Show HN: Freenet alpha, a drop-in decentralized replacement for the web

6 pointsposted a day ago
by sanity

Item id: 46547216

7 Comments

pamcake

a day ago

> The original Freenet dates back to the early 2000s

Oh so both are called Freenet again? Or is this a new third project? For a while some people were adamant in refering to the original (which still lives but I believe is incompatible?) as Hyphanet. What happened with Locutus? It seemed promising.

sanity

a day ago

Good question, this has understandably been confusing.

They’re two distinct pieces of software created by the same project. The original Freenet dates back to the early 2000s and focused heavily on anonymity. In 2023 it was spun out into its own project and renamed Hyphanet. The two systems are very different and not compatible.

Work on a clean-slate successor started in 2019 under the internal name Locutus. That codebase rethinks the design from the ground up, based on lessons from running the original Freenet for many years and with different tradeoffs.

After the split in 2023, Locutus was renamed back to Freenet. What’s being shown here is that newer Freenet.

There’s a longer history and rationale in the FAQ if you want more detail: https://freenet.org/faq/#what-is-the-projects-history

pamcake

a day ago

If you don't mind, what would you say are the missing pieces (if any) before I should feel confident moving family chat to River?

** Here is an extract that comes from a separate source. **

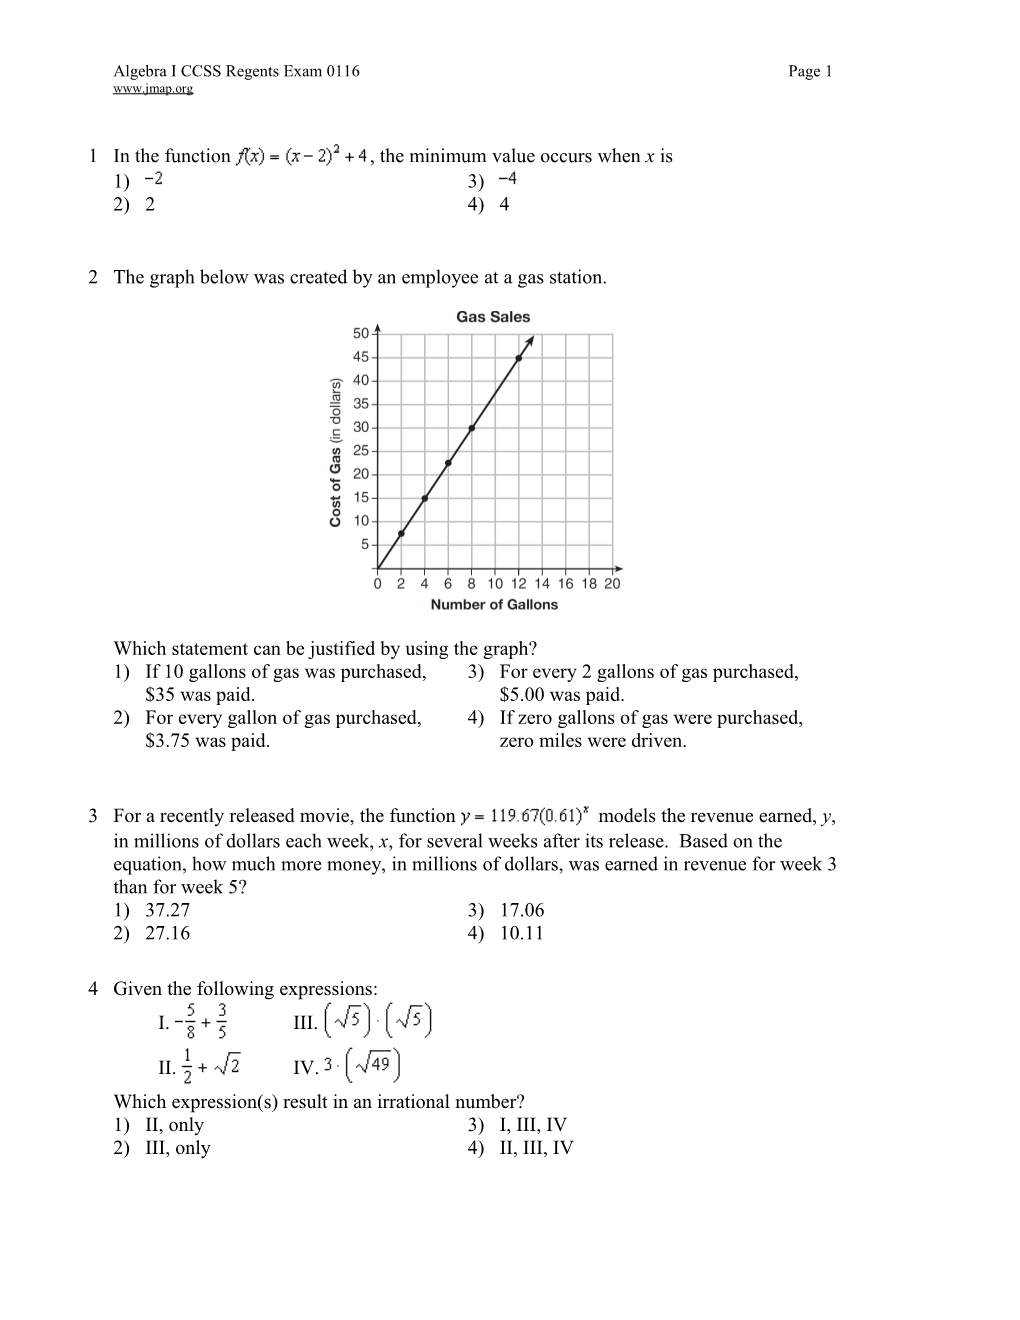 Algebra ICCSS Regents Exam 0116Page 1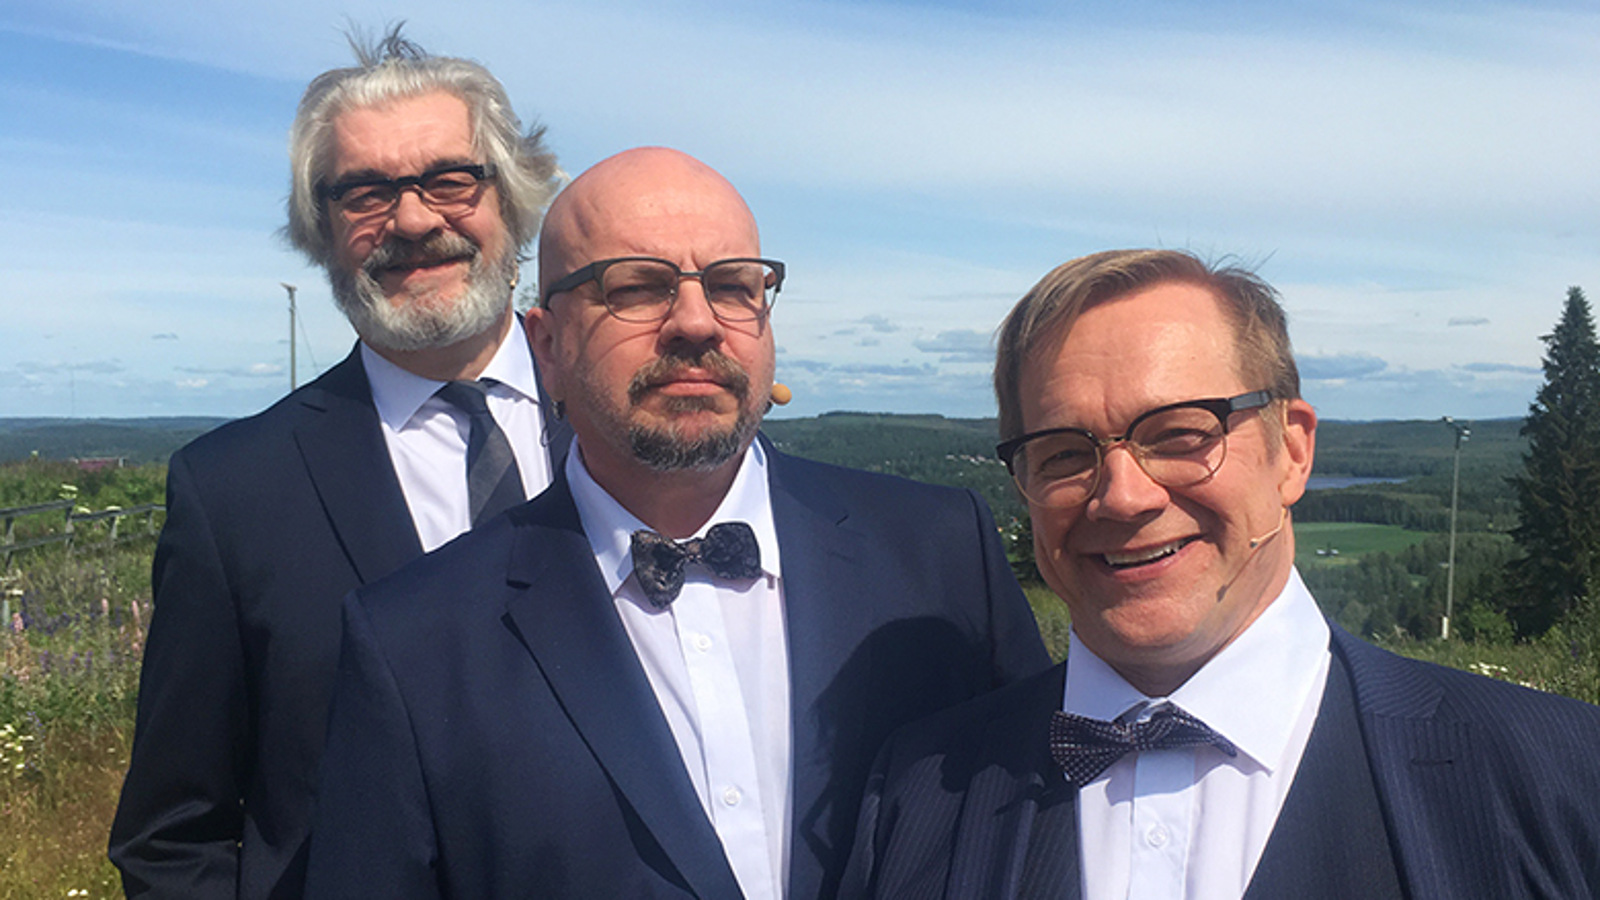 Kuvassa ovat Jussi Lampi, Timo Rautiainen ja Puntti Valtonen puolivartalokuvassa ja limittäin rinteessä.  Heillä on tummat puvuntakit päällä ja valkoiset paidat sekä tummat solmiot.  Keskellä olevalla Timo Rautiaisella on rusetti.  Taustalla on sininen, kirkas taivas.

I think answer to this will be very helpful in understanding the state of the project and how we can contribute.

sanity

a day ago

Freenet-core itself isn’t stable enough to rely on for something like family chat, and River is still missing some important operational pieces. In particular, there isn’t a smooth or robust way yet to handle things like updating the room contract, which is the decentralized part that defines membership and state. That makes recovery from mistakes or bugs harder than it should be.

That said, a lot of progress has been made recently. Stability has improved noticeably even over the past couple of weeks, and most of the remaining issues are about hardening and ergonomics rather than fundamental design problems.

I’m hesitant to give timelines, but my expectation is weeks rather than months before River is something I’d personally feel comfortable recommending for non-technical use. In the meantime, feedback from people trying it, especially around rough edges or failure cases, is very helpful.

pamcake

11 hours ago

That you don't mention NAT punching or discovery as outstanding is encouraging - that seems to be the hard part where others fall so if that's in a workable state and the project resists the allure of centralizing control ("streamlining" updates for that contract, say), I'm sure the rest will follow! Even if it's months not weeks in the end.

sanity

6 hours ago

Yes, we have a lot of experience with NAT hole-punching which should work with most (but not all) firewalls, and our plan is that peers which don't require NAT hole-punching can help those that don't support it.